Certainly in 1933 Britain was one of the richest nations on earth with a huge Empire which contained all the foodstuffs and raw materials she could ever require. Yet at the same time the masses of her people lived in terrible slum housing and were malnourished from the lack of good food. What they needed more than anything else was the opportunity to work. To become ill was often a death sentence as there was no free health service. Farming and agriculture was depressed as few had the money to buy the food they needed and as a result crops were often ploughed back into the earth because those who were desperate for them had not the money with which to purchase them - and no opportunity to earn any money.
The great capitalist crisis predicted by the Marxists has arrived. The system had failed and something needed to be done - as so clearly expressed by the then Prince of Wales. Germany by comparison had nothing. She had to pay huge financial reparations as a result of the First World War. She has been stripped of all her colonies and much of her territory in Europe had been passes to other nations such as Poland, France and Czechoslovakia. She had no gold reserves or any assets. What she did have was the will to change. She had an industrious population who were willing to work - when given the opportunity.

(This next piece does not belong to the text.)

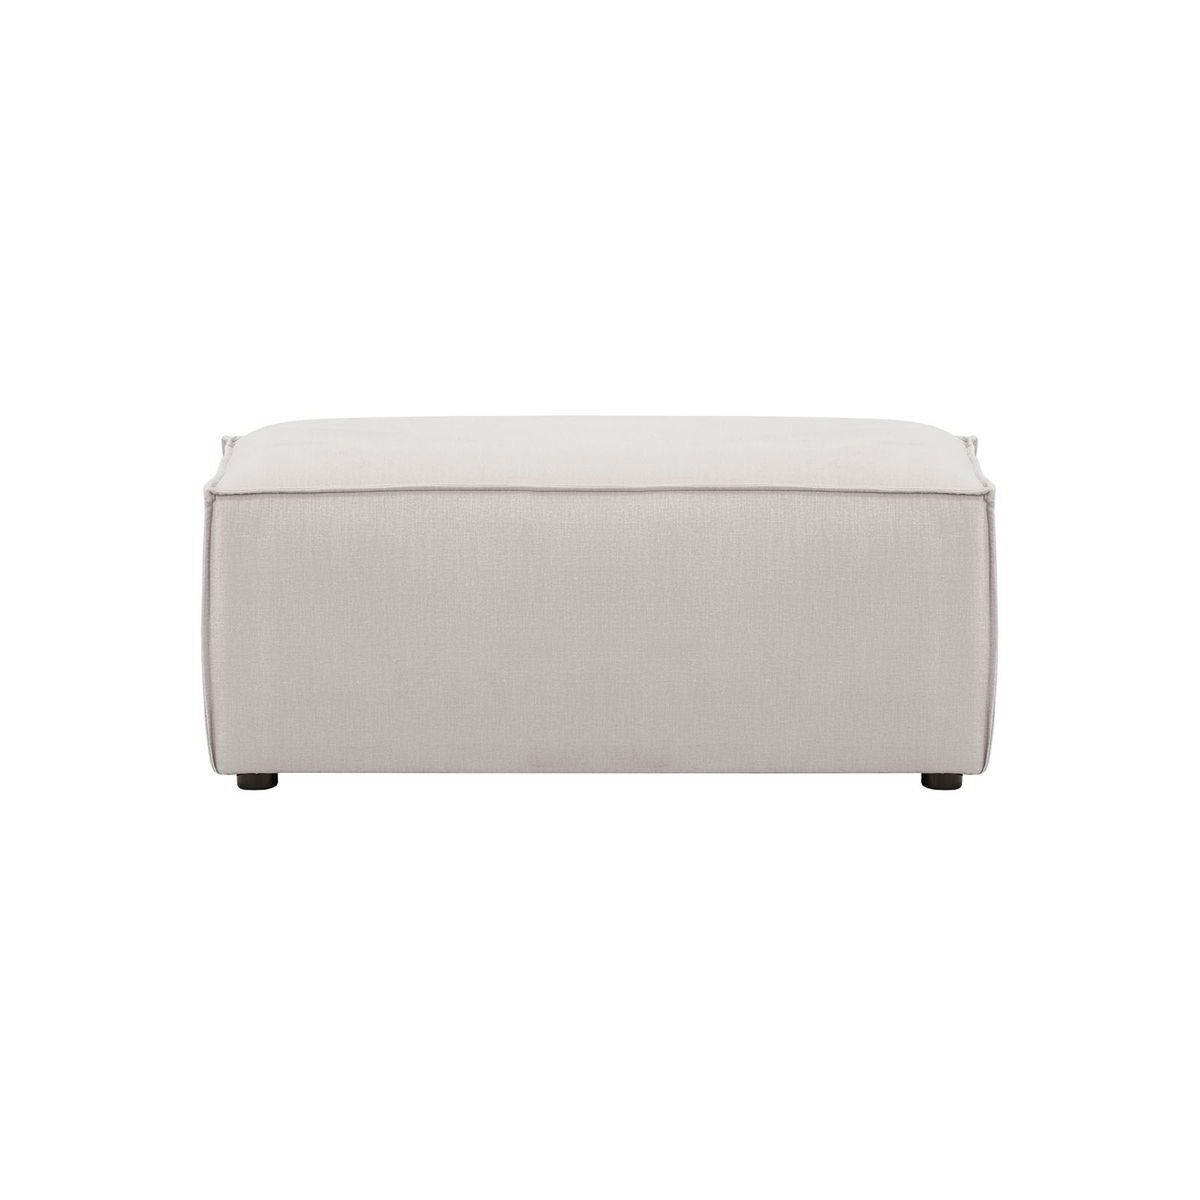 Charles Large Pouffe (P3), beige - image 1
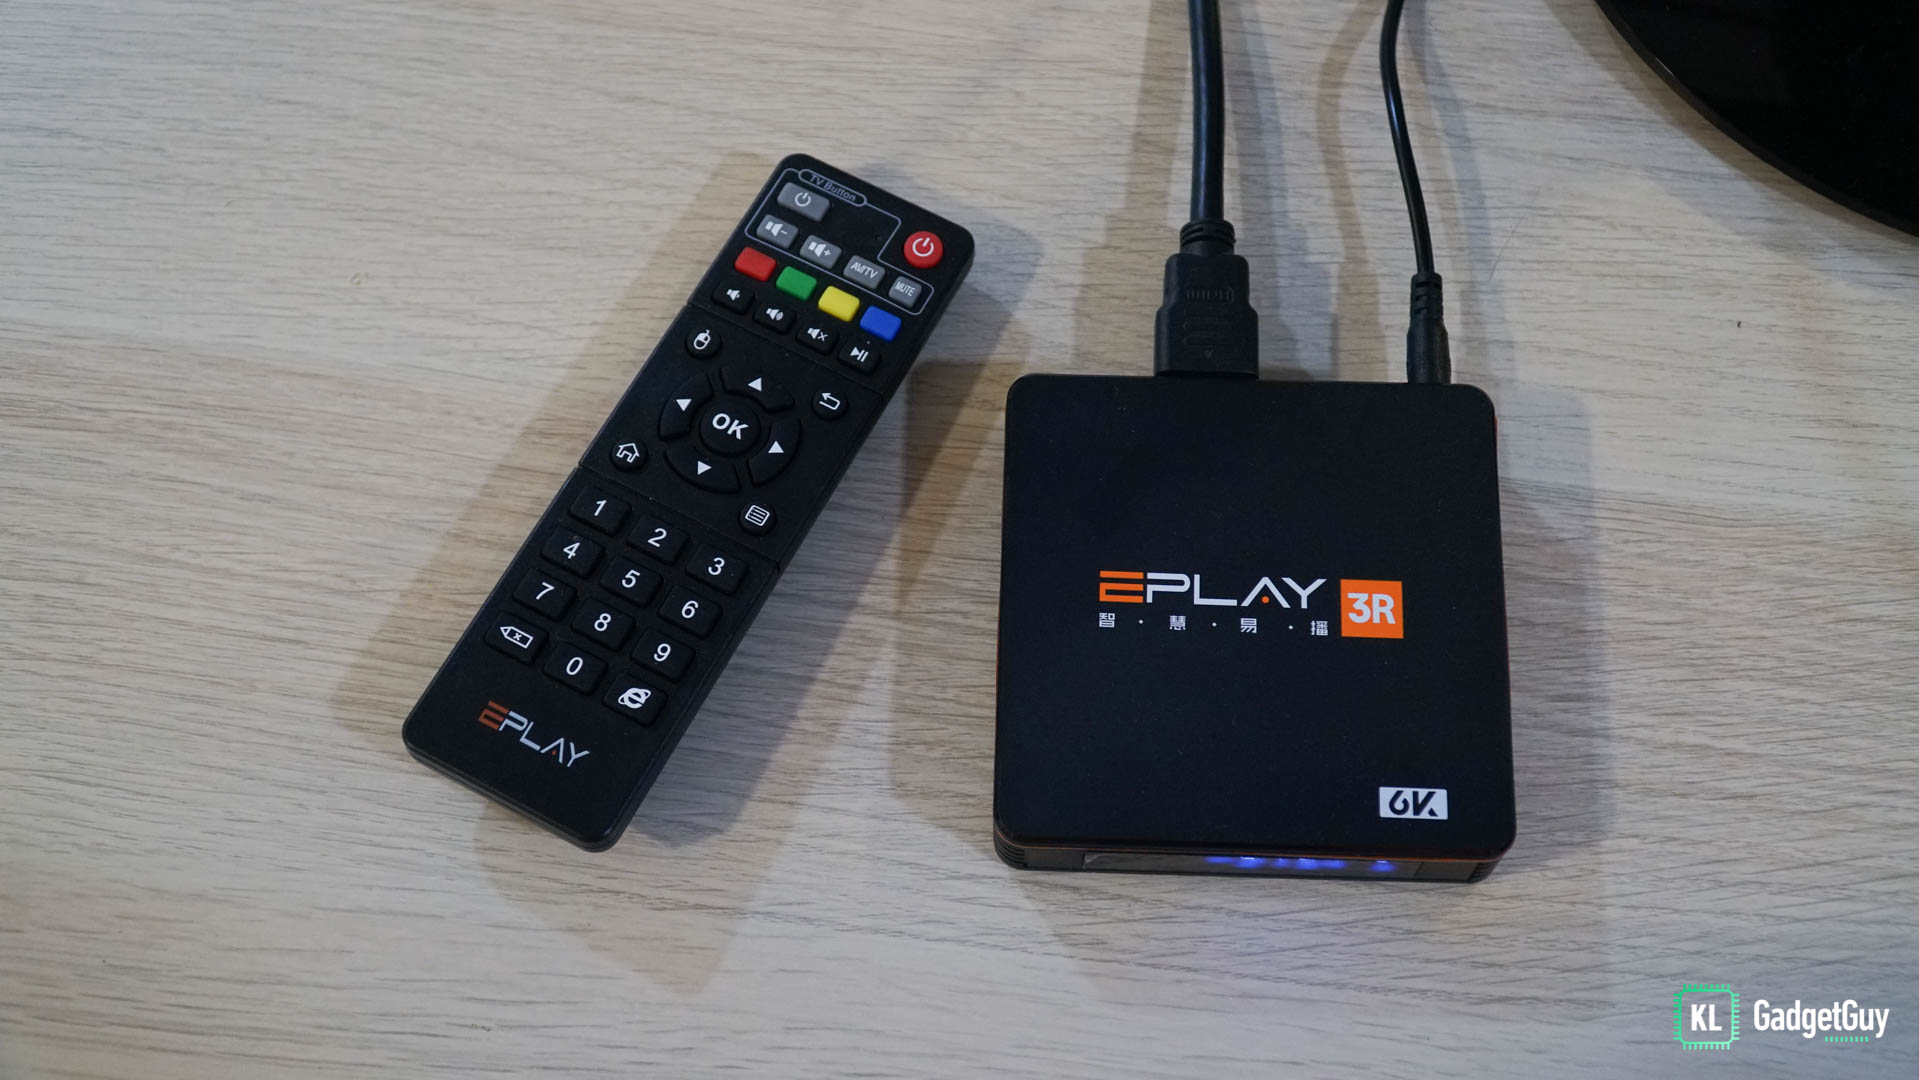 Eplay 3r Review A Reliable Tv Box For Your Living Room Klgadgetguy

Hitler gave the German people work and bread. To overcome all her problems she had to revert to a barter system to import whatever she could not produce at home. Many other great reforms were implemented. This was only possible by the great loyalty and confidence shown by the German folk towards their Leader. How was this loyalty gained?. This book goes a long way to explain how and why the German folk followed Hitler through thick and thin. In good times and bad - until the very end.